* _Problem description_
With the pictures left out, copy the listing below exactly.

* _Dataset extract_
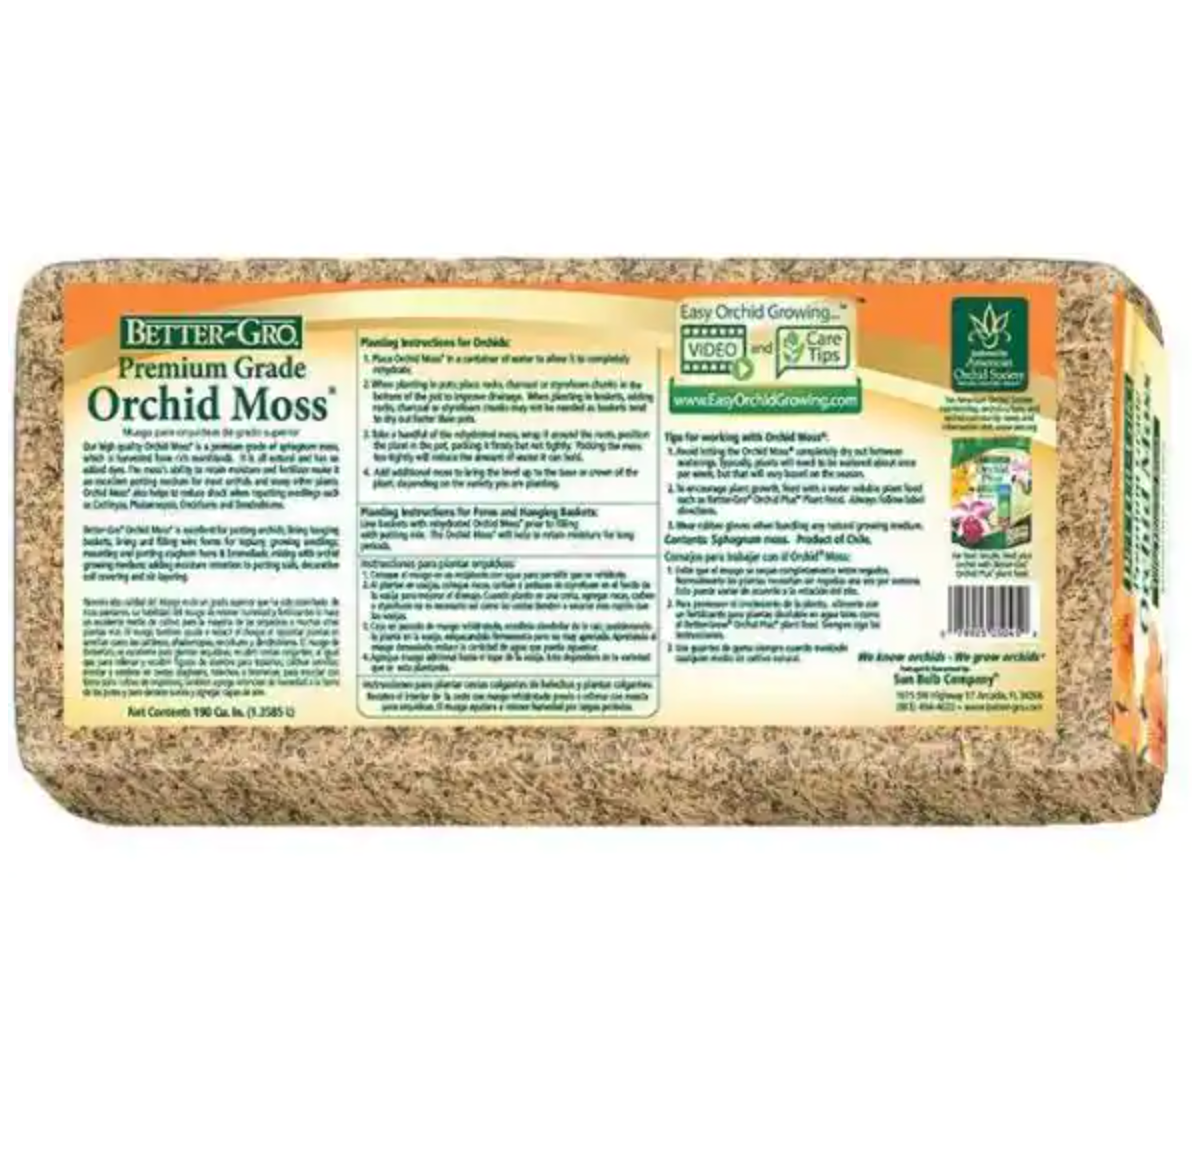 Orchid Moss
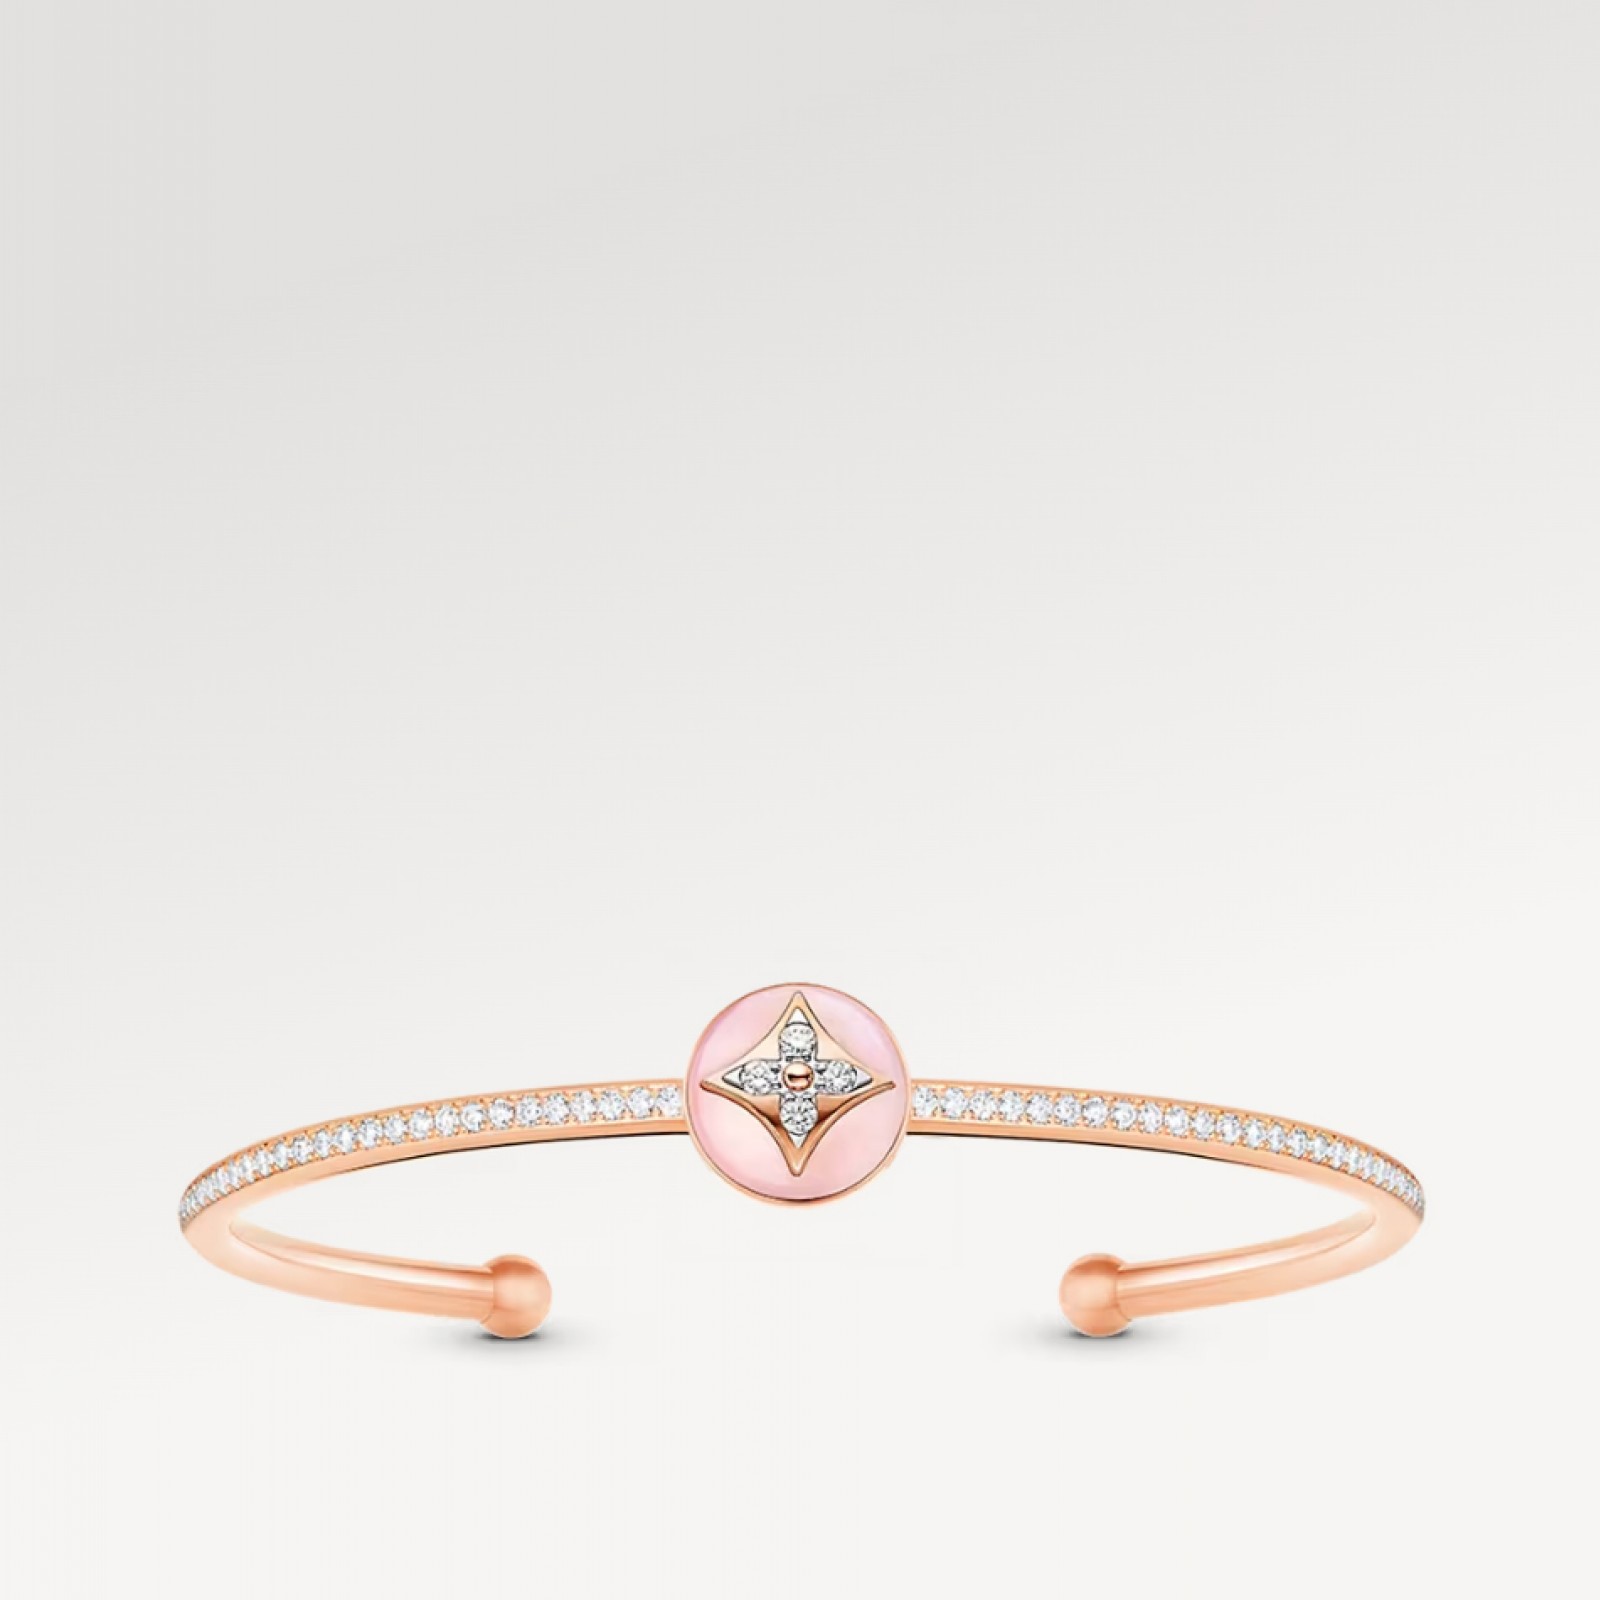 Color Blossom Open Bangle, Pink Gold, White Gold, Pink Opal And Diamonds
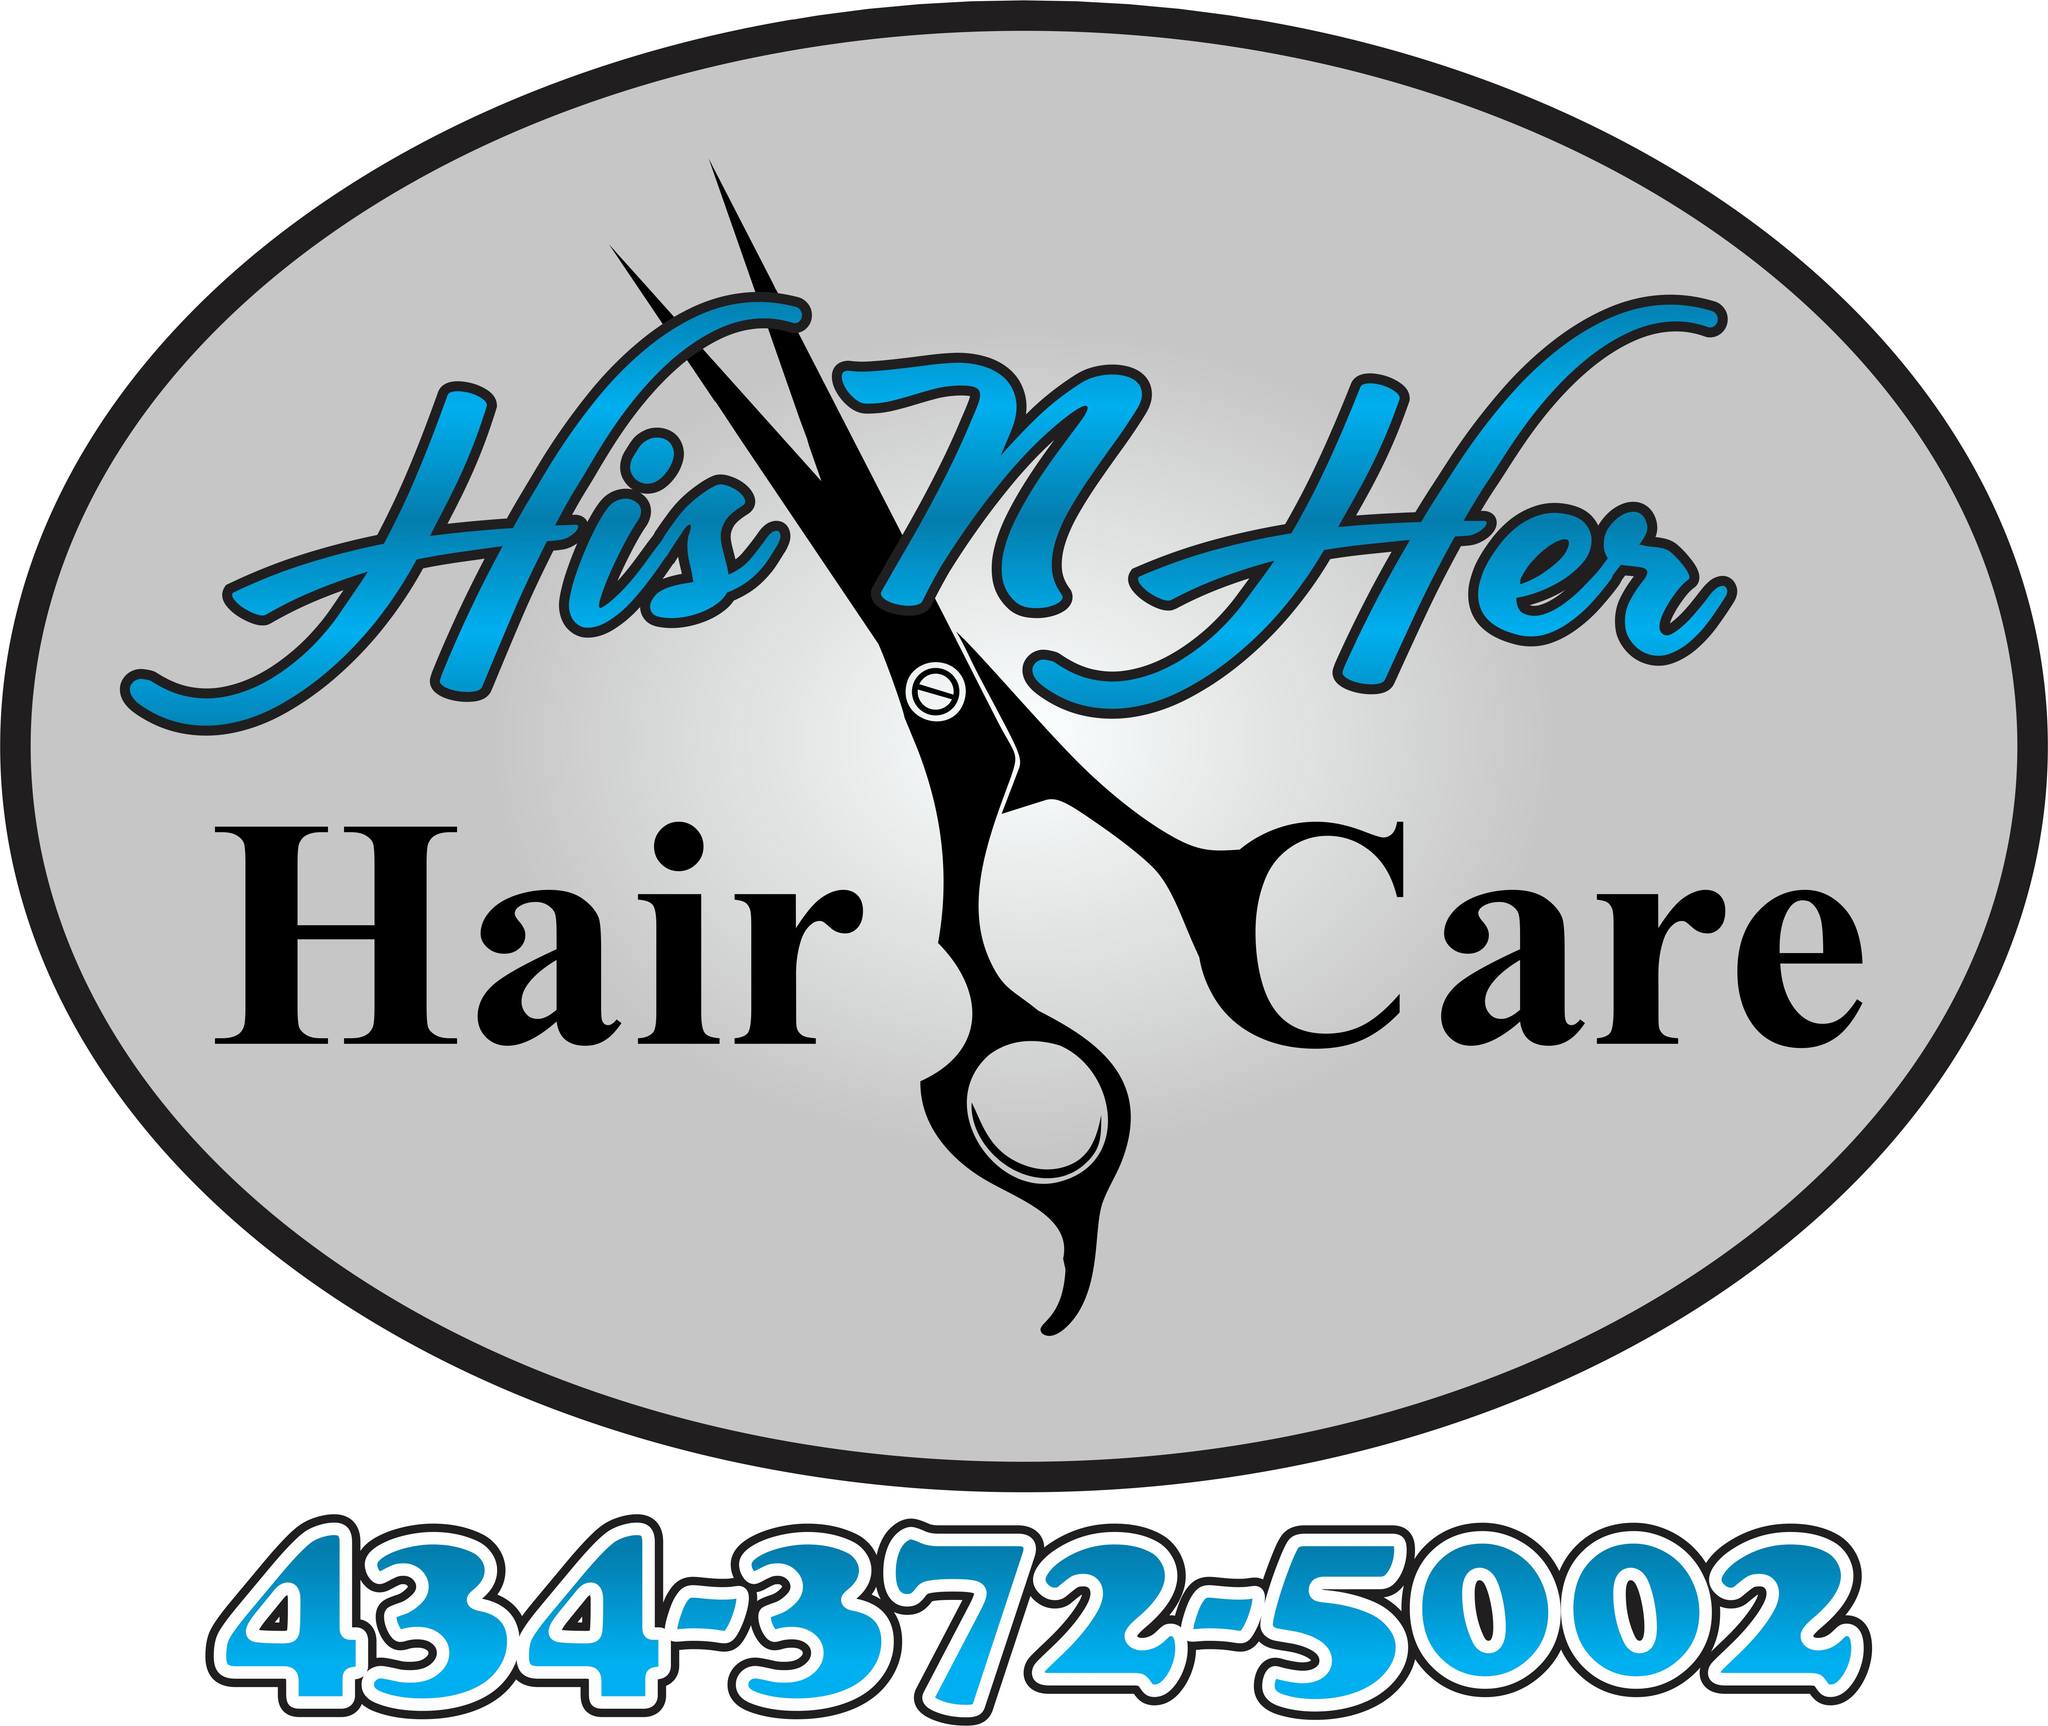 His & Her Hair Care 425 Boyd St, Chase City Virginia 23924

* _Problem solution_
 Orchid Moss
 Color Blossom Open Bangle, Pink Gold, White Gold, Pink Opal And Diamonds
 His & Her Hair Care 425 Boyd St, Chase City Virginia 23924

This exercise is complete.